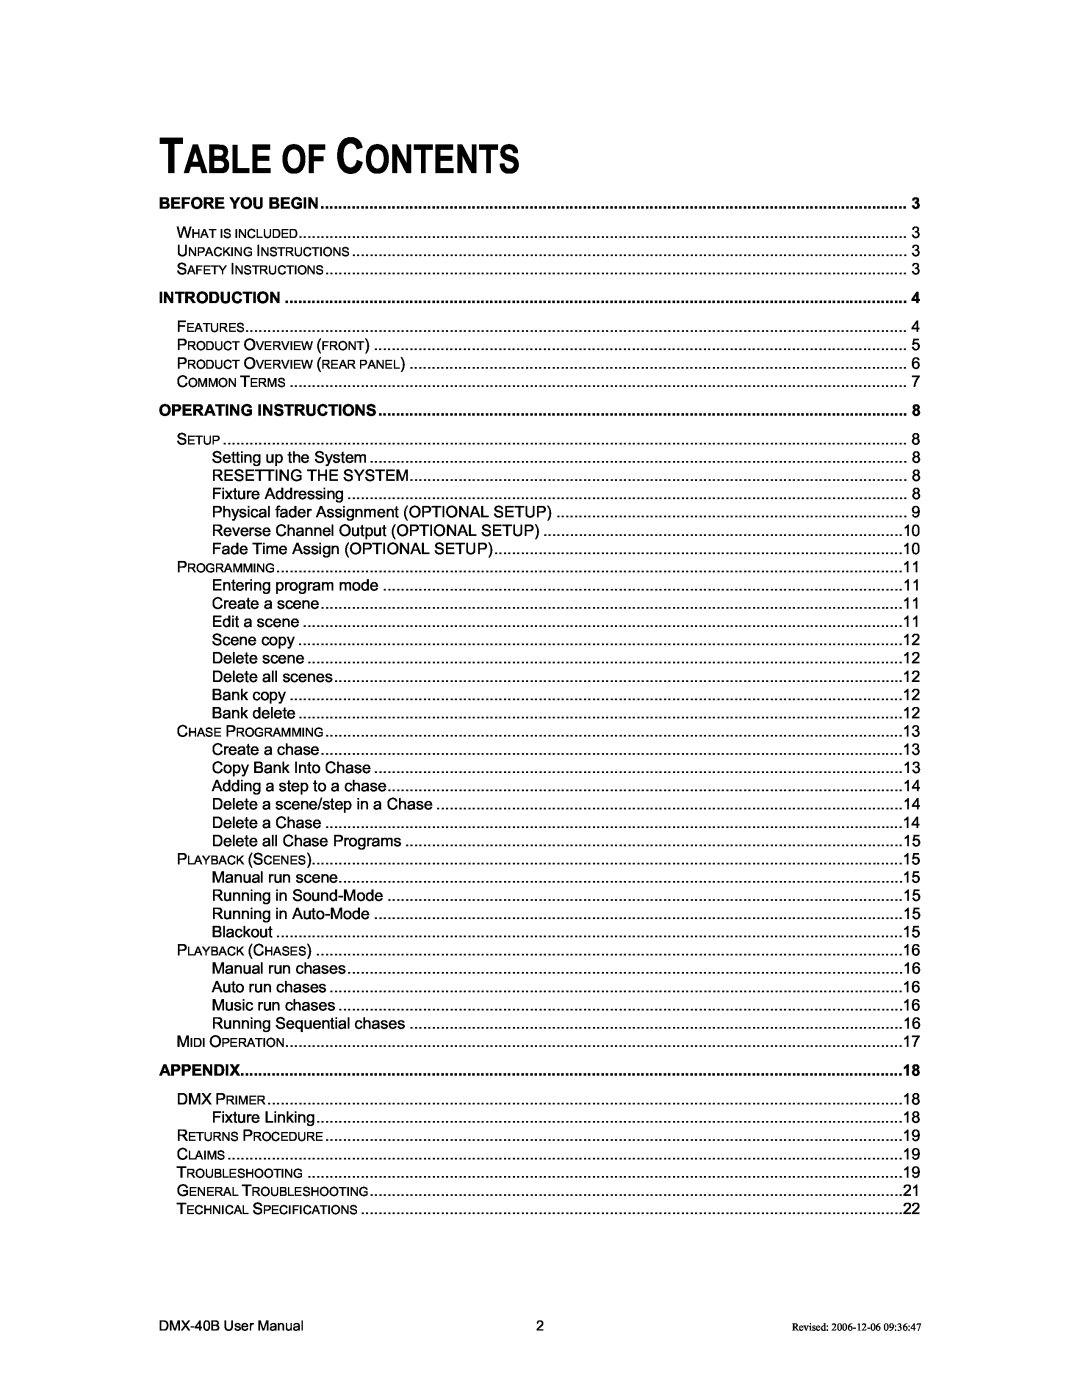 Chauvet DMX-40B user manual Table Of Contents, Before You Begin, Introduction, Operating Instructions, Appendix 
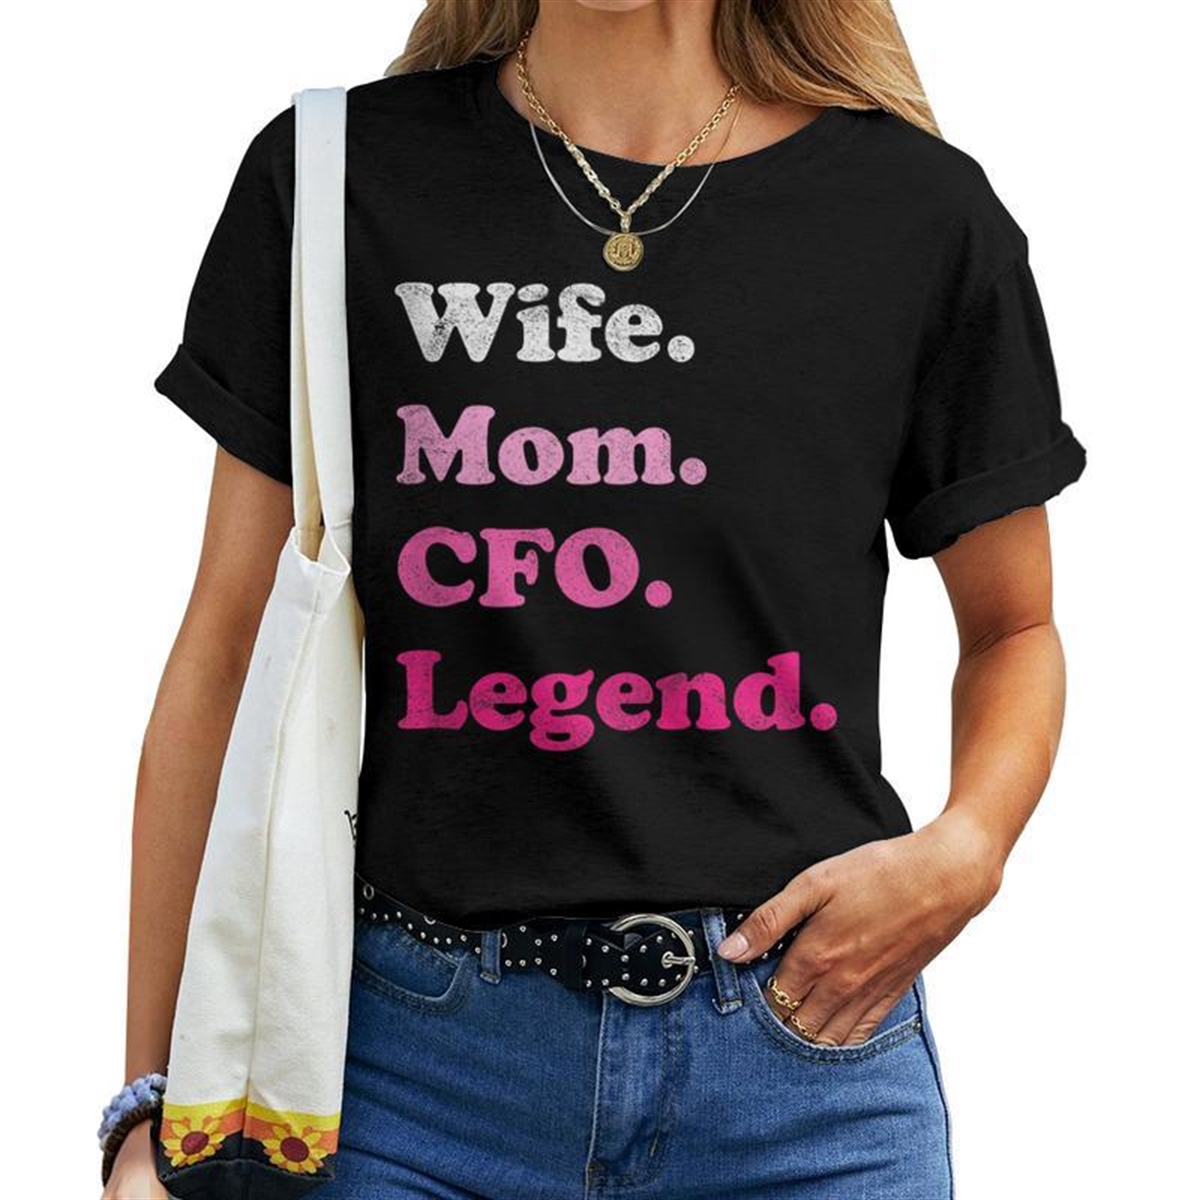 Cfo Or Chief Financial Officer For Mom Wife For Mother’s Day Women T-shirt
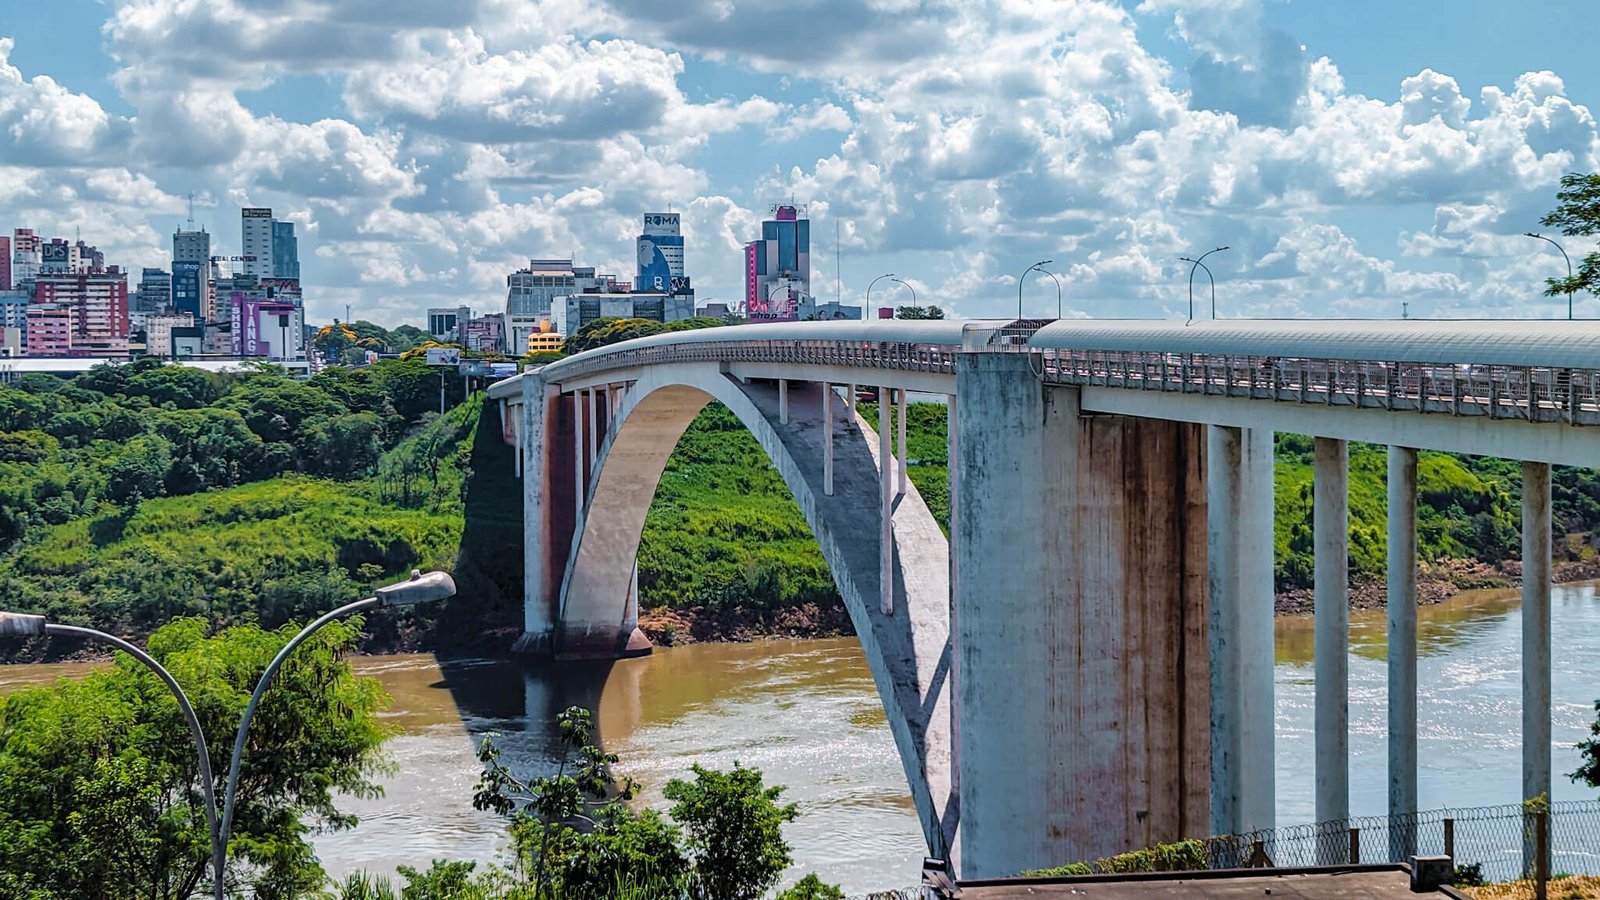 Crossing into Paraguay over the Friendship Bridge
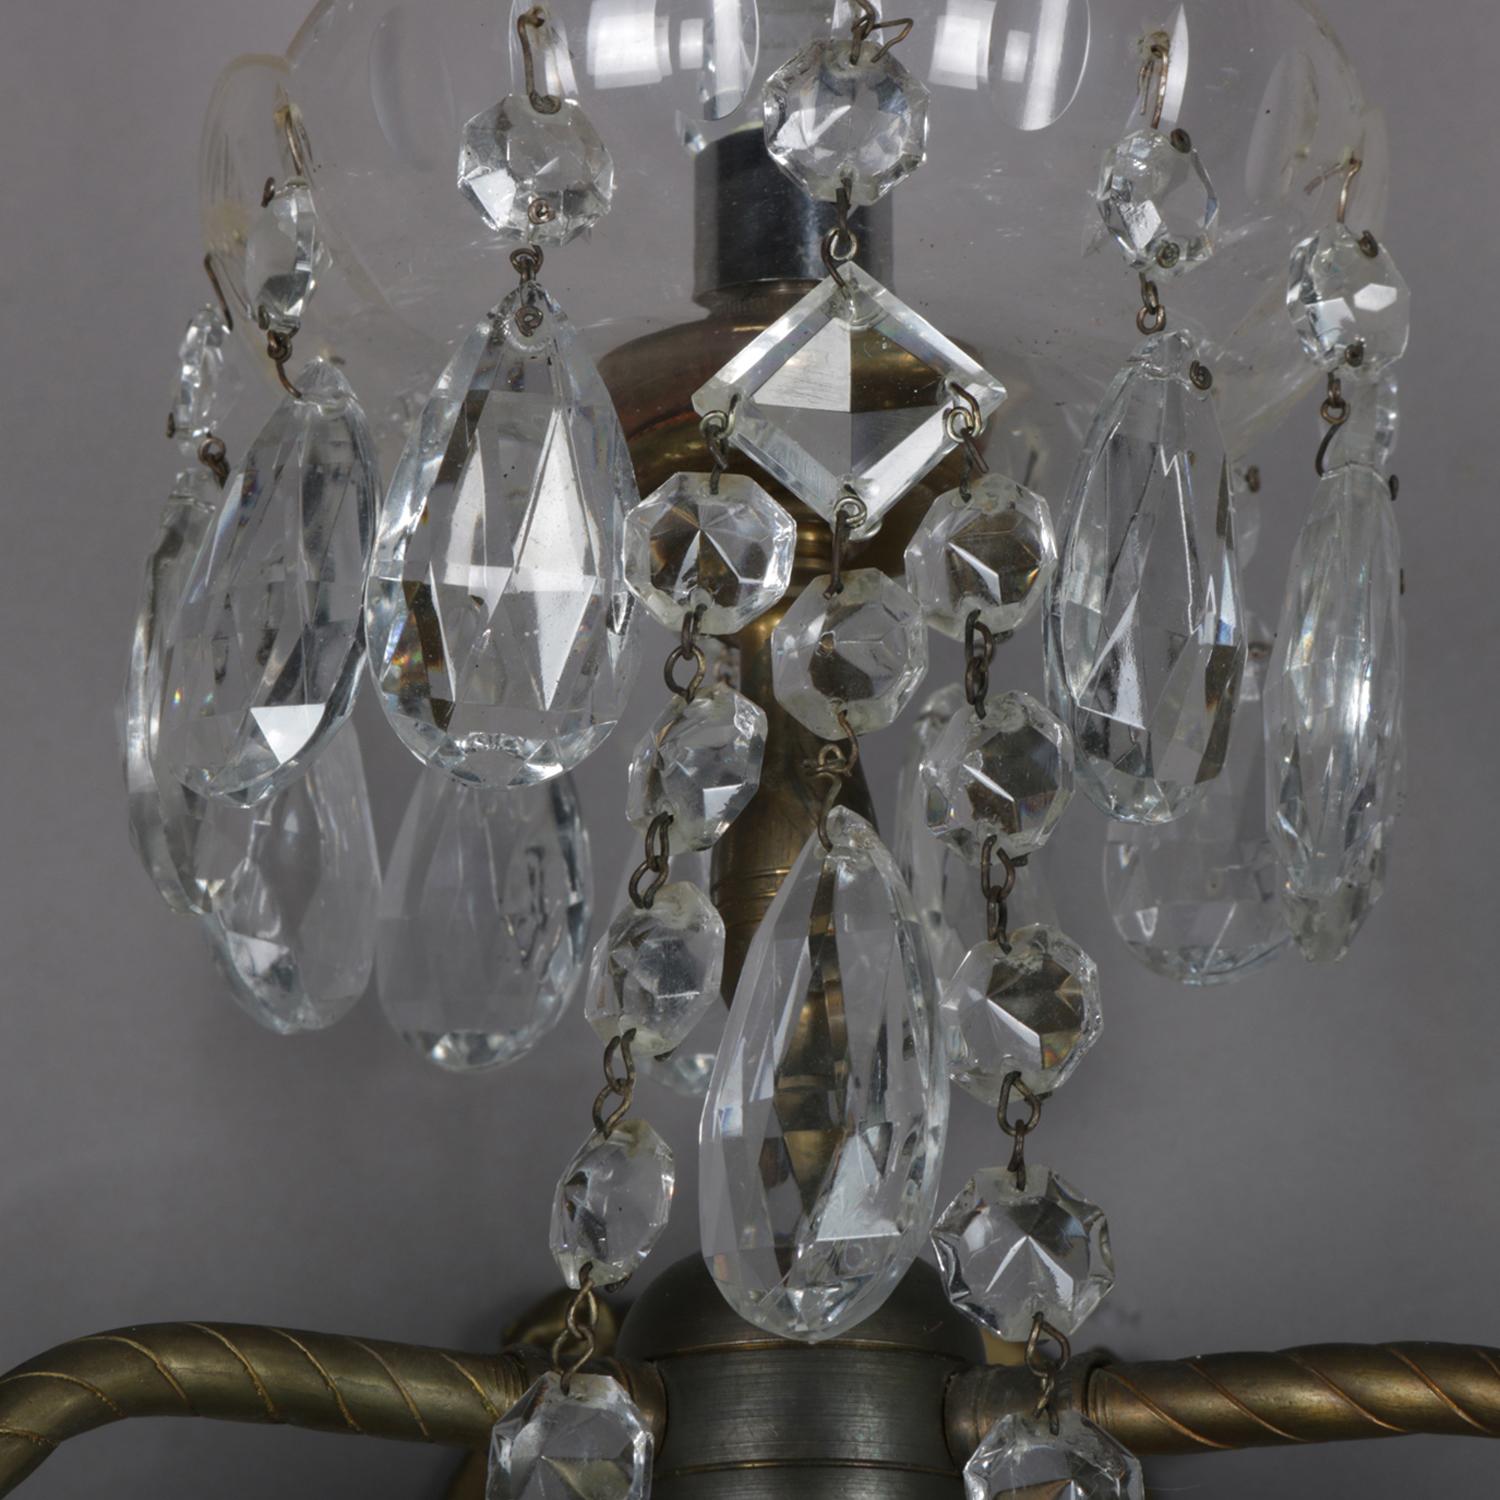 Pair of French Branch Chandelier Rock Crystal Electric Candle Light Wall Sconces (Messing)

### Task brief
Pictures aside, reproduce all of the data exactly.

### Task output
 Chauvet DMX-40B user manual Table Of Contents, Before You Begin, Introduction, Operating Instructions, Appendix 
 Cfo Or Chief Financial Officer For Mom Wife For Mother’s Day Women T-shirt
 Crossing into Paraguay over the Friendship Bridge
 Pair of French Branch Chandelier Rock Crystal Electric Candle Light Wall Sconces (Messing)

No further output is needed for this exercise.